WHAT TO PRODUCE:
Down to the last line, repeat the data below exactly.

**** RECORD EXTRACTS ****

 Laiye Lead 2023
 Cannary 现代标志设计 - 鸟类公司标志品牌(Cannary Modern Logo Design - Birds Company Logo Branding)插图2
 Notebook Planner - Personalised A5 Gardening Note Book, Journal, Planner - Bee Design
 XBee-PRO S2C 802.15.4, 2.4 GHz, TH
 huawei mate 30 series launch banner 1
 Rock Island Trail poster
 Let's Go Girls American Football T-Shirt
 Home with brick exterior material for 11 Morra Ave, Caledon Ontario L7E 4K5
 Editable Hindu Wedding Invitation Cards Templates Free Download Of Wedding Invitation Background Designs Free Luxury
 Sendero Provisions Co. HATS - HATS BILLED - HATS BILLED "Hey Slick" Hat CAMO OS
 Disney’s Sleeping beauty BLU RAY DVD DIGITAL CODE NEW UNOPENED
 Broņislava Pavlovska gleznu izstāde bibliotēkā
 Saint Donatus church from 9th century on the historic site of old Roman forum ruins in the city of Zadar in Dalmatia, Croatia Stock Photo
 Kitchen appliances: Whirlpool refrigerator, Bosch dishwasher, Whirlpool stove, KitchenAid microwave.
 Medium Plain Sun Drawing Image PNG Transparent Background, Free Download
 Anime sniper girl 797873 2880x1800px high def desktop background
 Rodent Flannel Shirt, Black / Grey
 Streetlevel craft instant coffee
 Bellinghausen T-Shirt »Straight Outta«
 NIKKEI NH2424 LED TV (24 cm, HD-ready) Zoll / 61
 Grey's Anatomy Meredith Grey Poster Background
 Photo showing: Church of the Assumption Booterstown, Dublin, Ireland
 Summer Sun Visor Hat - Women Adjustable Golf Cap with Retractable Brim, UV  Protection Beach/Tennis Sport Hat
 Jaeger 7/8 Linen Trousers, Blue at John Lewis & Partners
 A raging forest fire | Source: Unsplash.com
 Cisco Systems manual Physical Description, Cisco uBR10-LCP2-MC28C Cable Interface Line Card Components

****

WRITTEN ANSWER:
 Laiye Lead 2023
 Cannary 现代标志设计 - 鸟类公司标志品牌(Cannary Modern Logo Design - Birds Company Logo Branding)插图2
 Notebook Planner - Personalised A5 Gardening Note Book, Journal, Planner - Bee Design
 XBee-PRO S2C 802.15.4, 2.4 GHz, TH
 huawei mate 30 series launch banner 1
 Rock Island Trail poster
 Let's Go Girls American Football T-Shirt
 Home with brick exterior material for 11 Morra Ave, Caledon Ontario L7E 4K5
 Editable Hindu Wedding Invitation Cards Templates Free Download Of Wedding Invitation Background Designs Free Luxury
 Sendero Provisions Co. HATS - HATS BILLED - HATS BILLED "Hey Slick" Hat CAMO OS
 Disney’s Sleeping beauty BLU RAY DVD DIGITAL CODE NEW UNOPENED
 Broņislava Pavlovska gleznu izstāde bibliotēkā
 Saint Donatus church from 9th century on the historic site of old Roman forum ruins in the city of Zadar in Dalmatia, Croatia Stock Photo
 Kitchen appliances: Whirlpool refrigerator, Bosch dishwasher, Whirlpool stove, KitchenAid microwave.
 Medium Plain Sun Drawing Image PNG Transparent Background, Free Download
 Anime sniper girl 797873 2880x1800px high def desktop background
 Rodent Flannel Shirt, Black / Grey
 Streetlevel craft instant coffee
 Bellinghausen T-Shirt »Straight Outta«
 NIKKEI NH2424 LED TV (24 cm, HD-ready) Zoll / 61
 Grey's Anatomy Meredith Grey Poster Background
 Photo showing: Church of the Assumption Booterstown, Dublin, Ireland
 Summer Sun Visor Hat - Women Adjustable Golf Cap with Retractable Brim, UV  Protection Beach/Tennis Sport Hat
 Jaeger 7/8 Linen Trousers, Blue at John Lewis & Partners
 A raging forest fire | Source: Unsplash.com
 Cisco Systems manual Physical Description, Cisco uBR10-LCP2-MC28C Cable Interface Line Card Components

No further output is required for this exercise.